* [WHAT YOU SHOULD DO]
Quote the whole listing word for word. Do not include the pictures.

* [DATA]

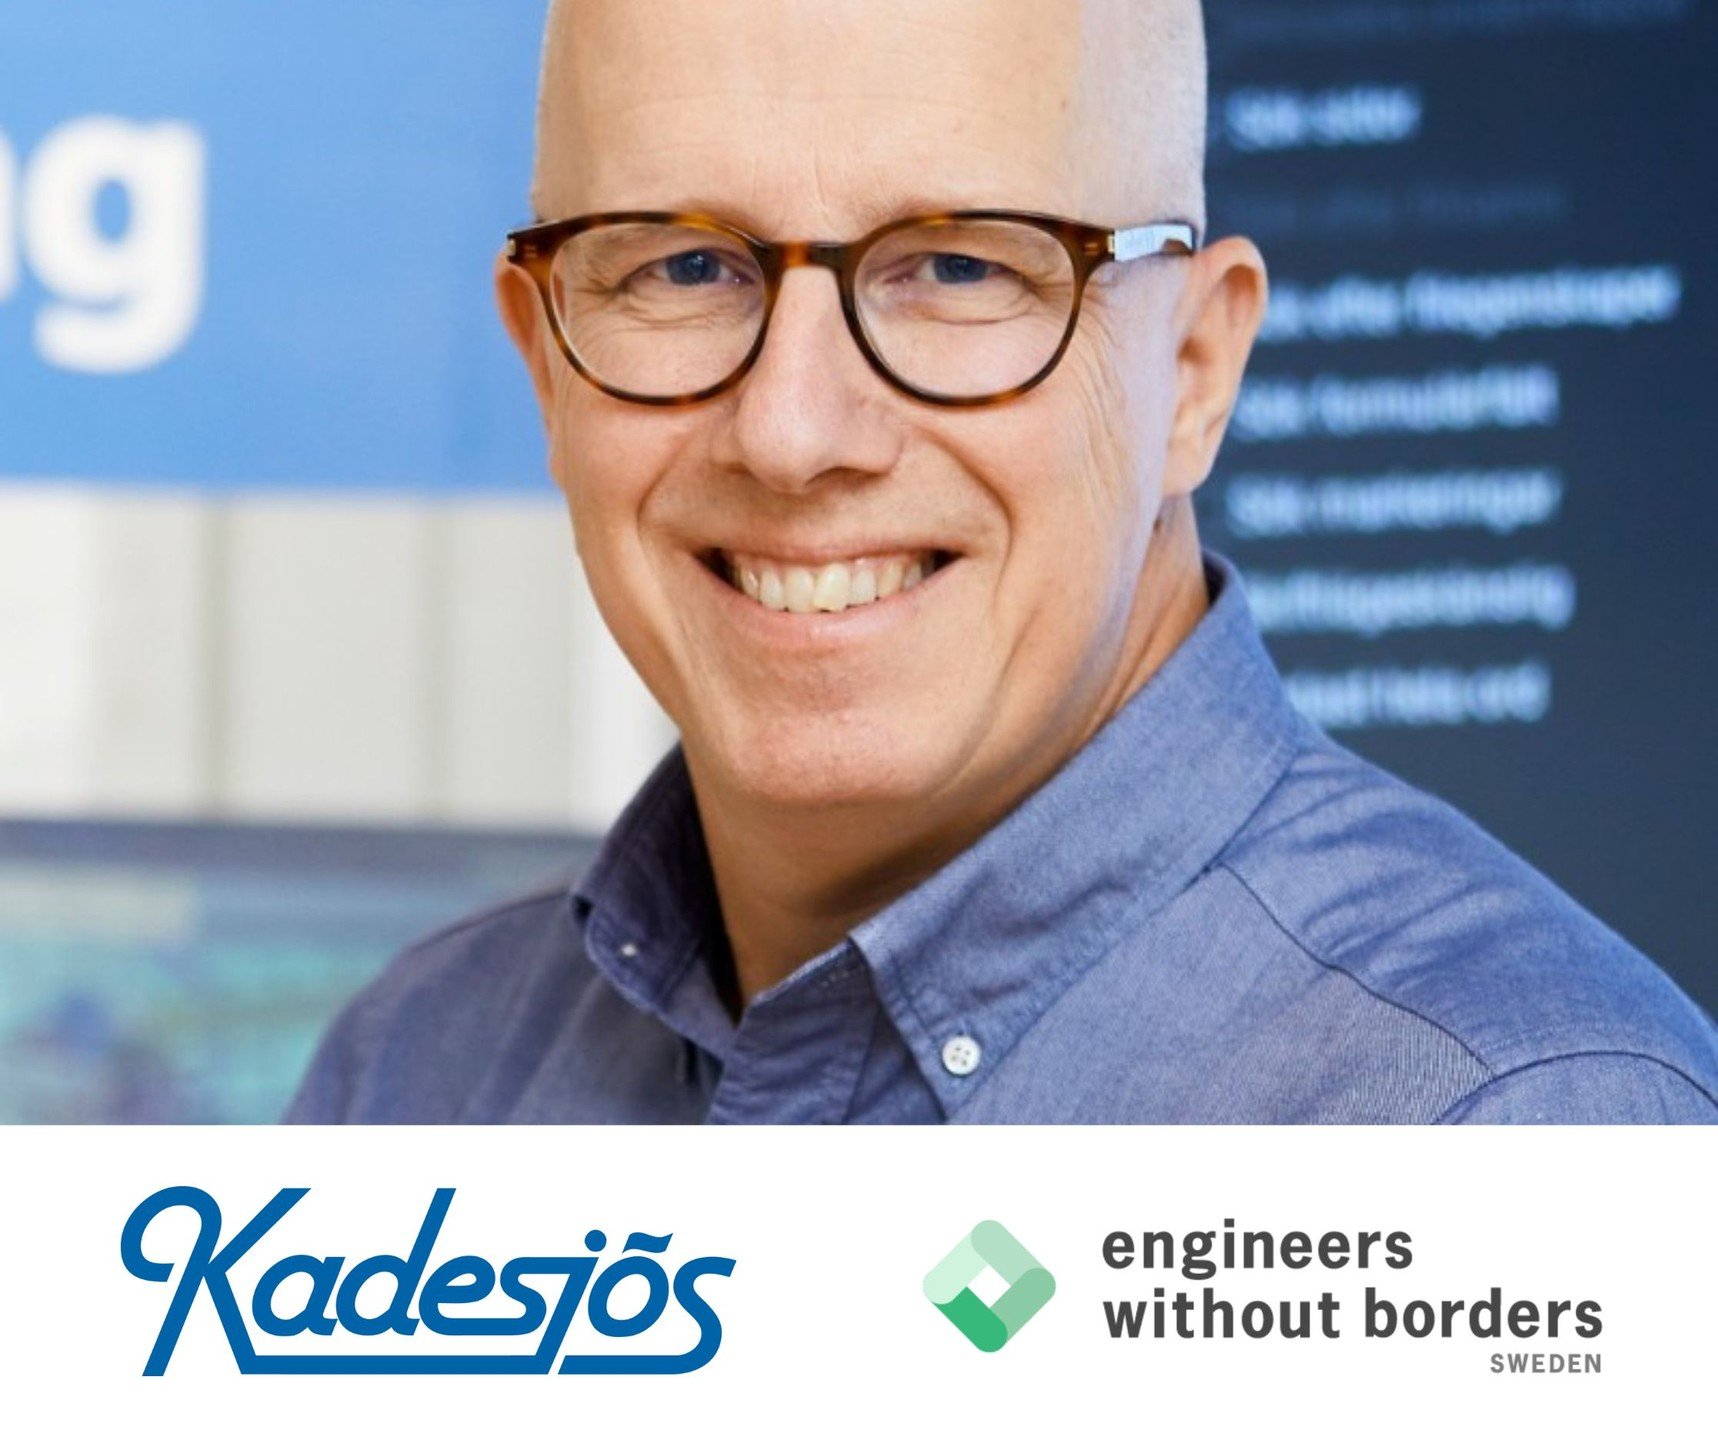 Engineers Without Borders Sweden Welcomes Kadesj&ouml;s as a New Supporting Partner! Kadesj&ouml;s, is a V&auml;ster&aring;s-based engineering consultancy, specialised in construction and installation projects with a strong sustainability focus.

Jon
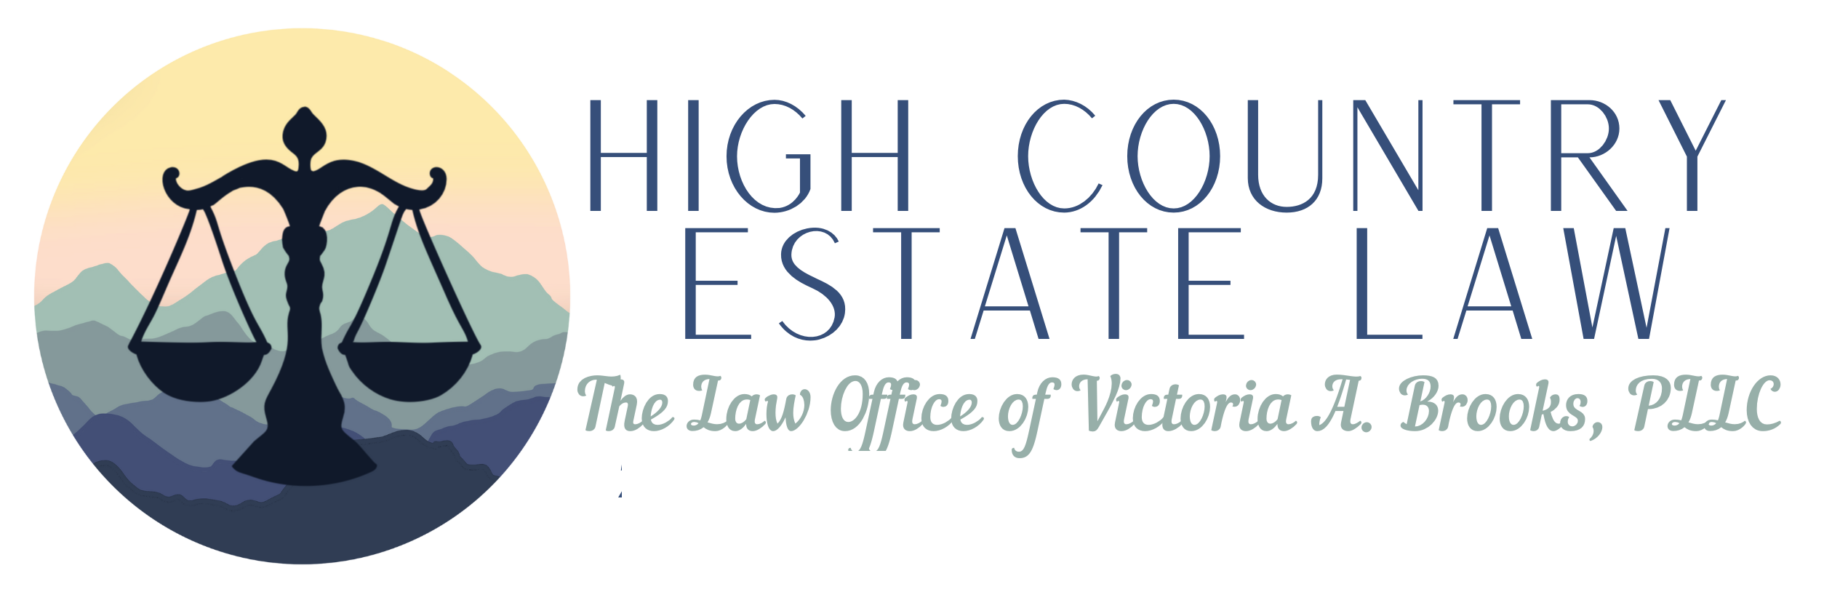 High Country Estate Law
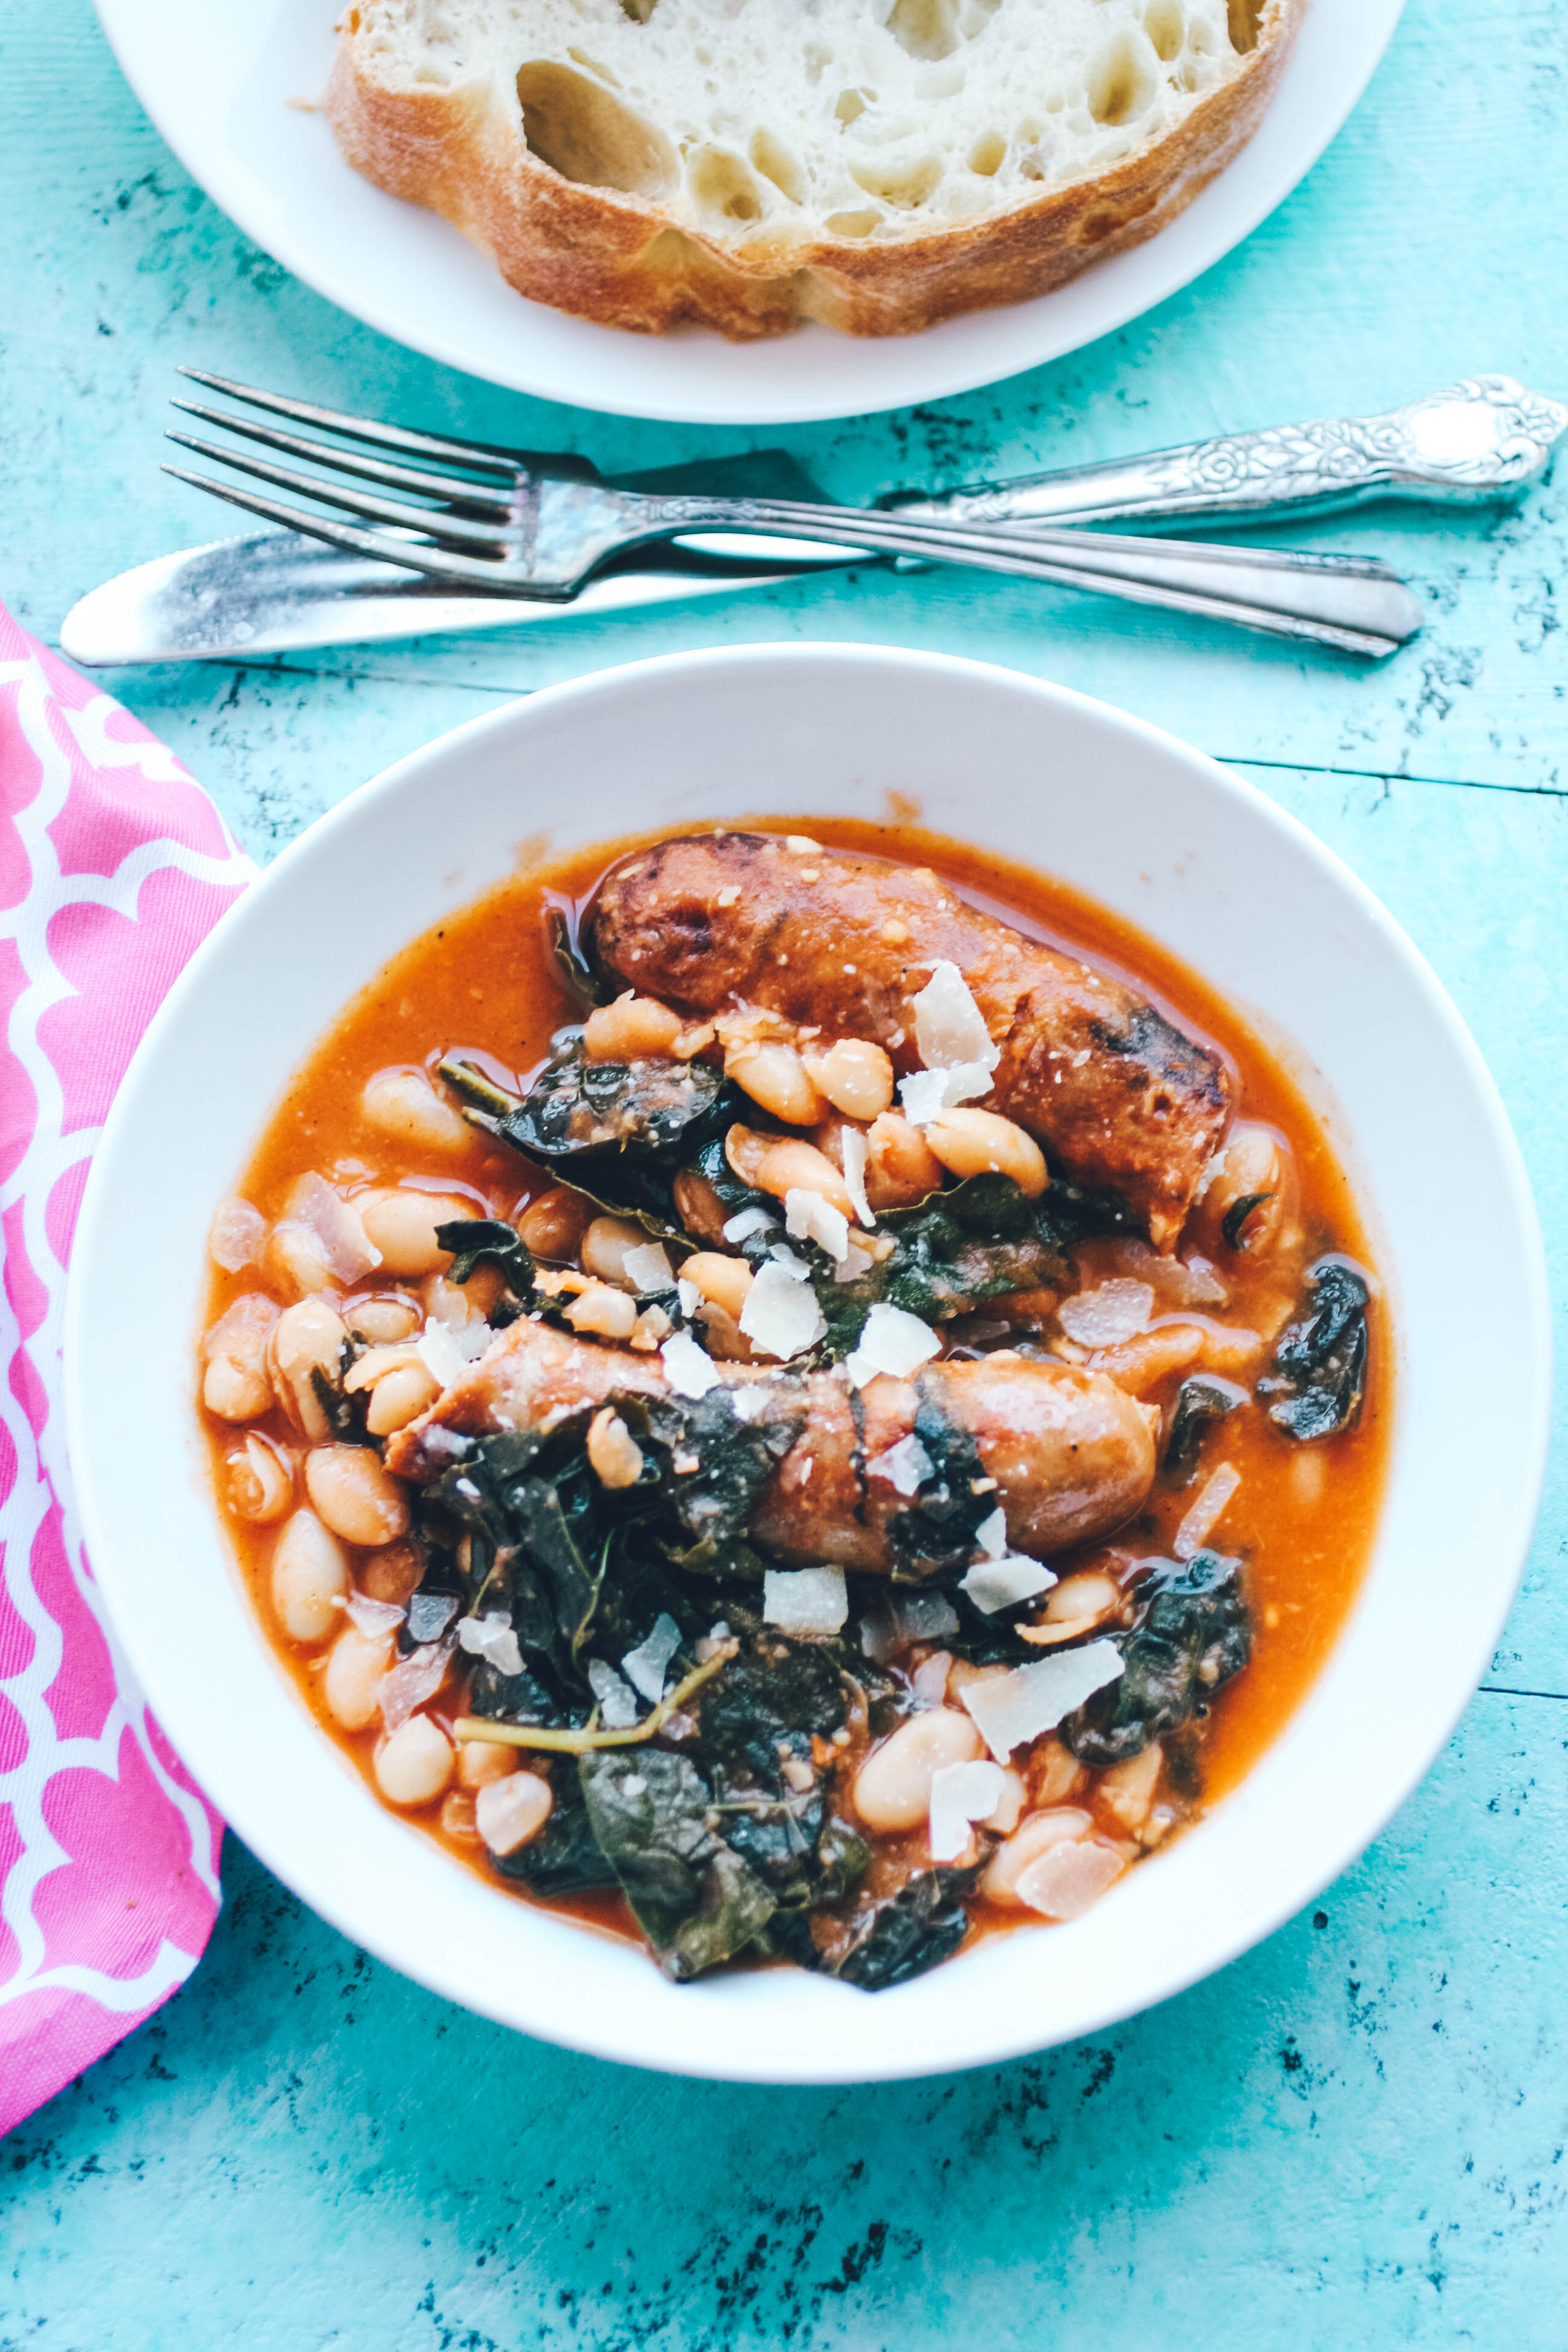 Have bread on hand to enjoy this Beans and Greens and Sausage dish! You'll adore this Beans and Greens and Sausage dish for any meal.

* [TASK ANSWER]
 Engineers Without Borders Sweden Welcomes Kadesj&ouml;s as a New Supporting Partner! Kadesj&ouml;s, is a V&auml;ster&aring;s-based engineering consultancy, specialised in construction and installation projects with a strong sustainability focus.

Jon
 High Country Estate Law
 Have bread on hand to enjoy this Beans and Greens and Sausage dish! You'll adore this Beans and Greens and Sausage dish for any meal.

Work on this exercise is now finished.